DATA BLOCK below:
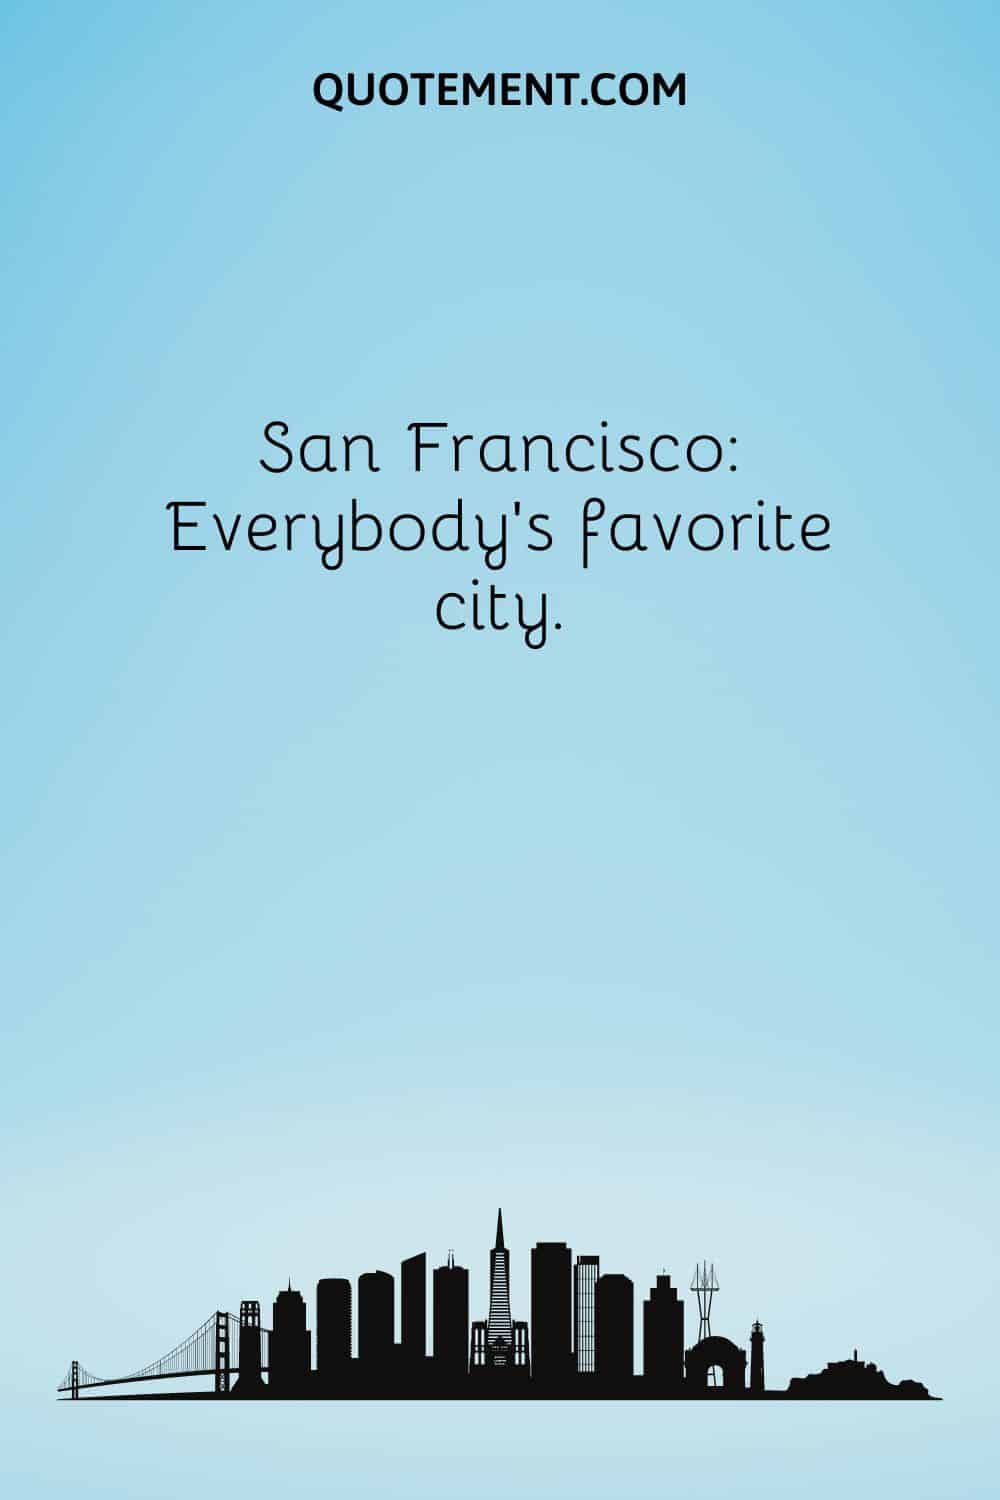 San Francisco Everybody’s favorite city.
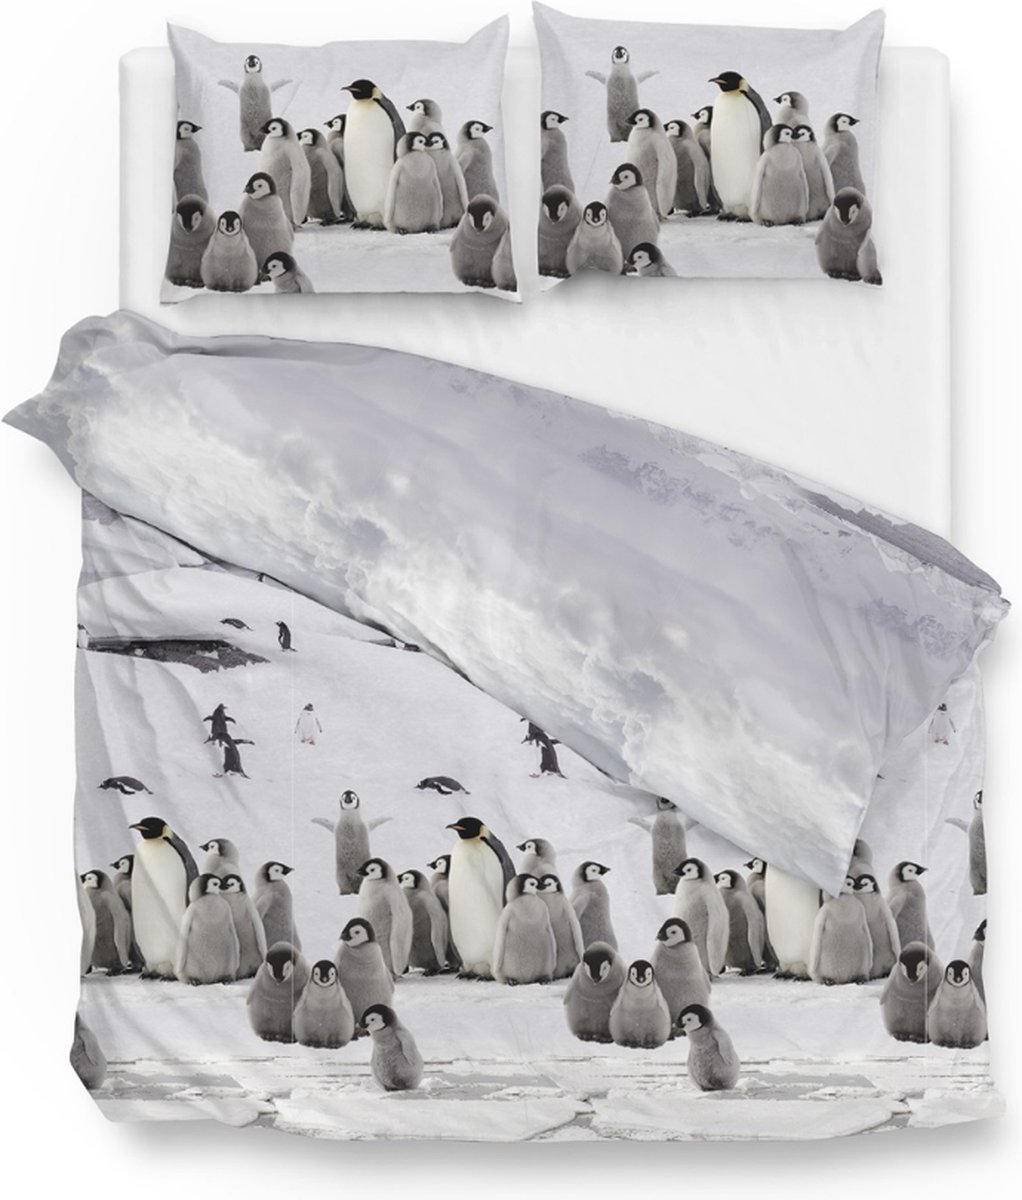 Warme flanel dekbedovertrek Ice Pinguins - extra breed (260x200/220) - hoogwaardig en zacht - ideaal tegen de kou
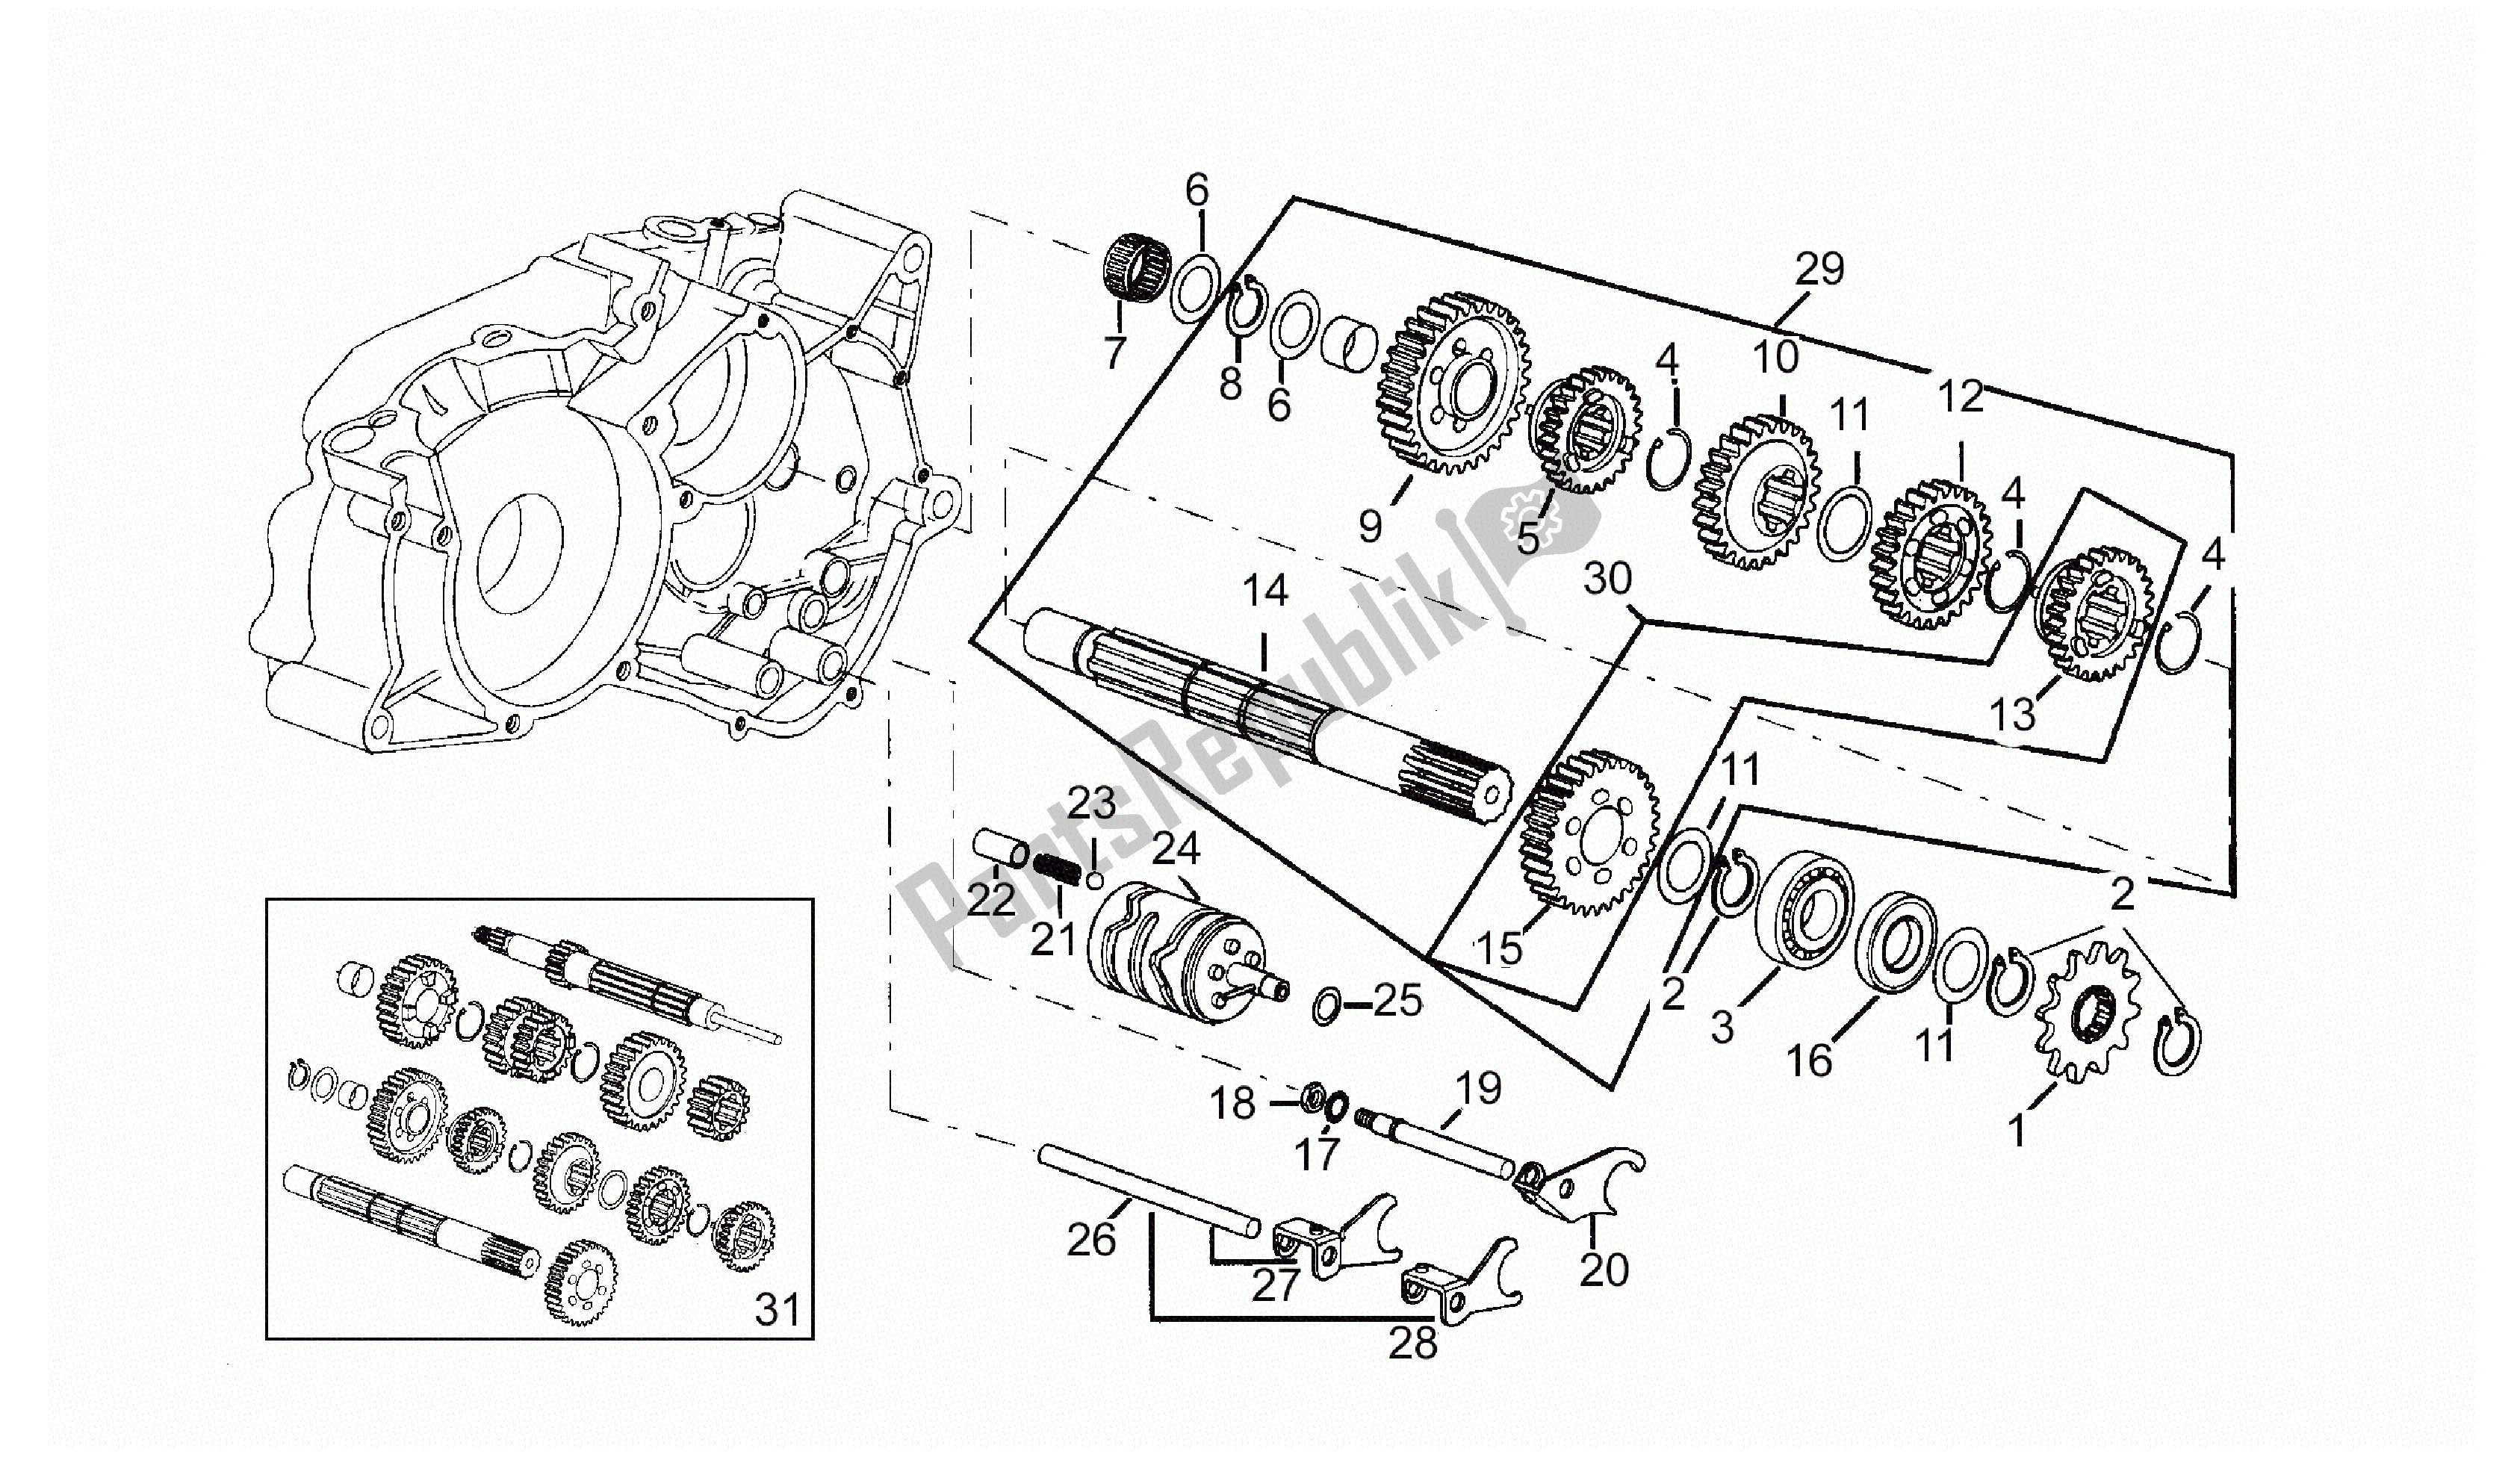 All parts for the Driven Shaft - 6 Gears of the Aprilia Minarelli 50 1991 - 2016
End of DATA BLOCK.
TASK GOAL — An exact reproduction of the data is needed, with no pictures included.

RESPONSE AREA —
 San Francisco Everybody’s favorite city.
 Warme flanel dekbedovertrek Ice Pinguins - extra breed (260x200/220) - hoogwaardig en zacht - ideaal tegen de kou
 All parts for the Driven Shaft - 6 Gears of the Aprilia Minarelli 50 1991 - 2016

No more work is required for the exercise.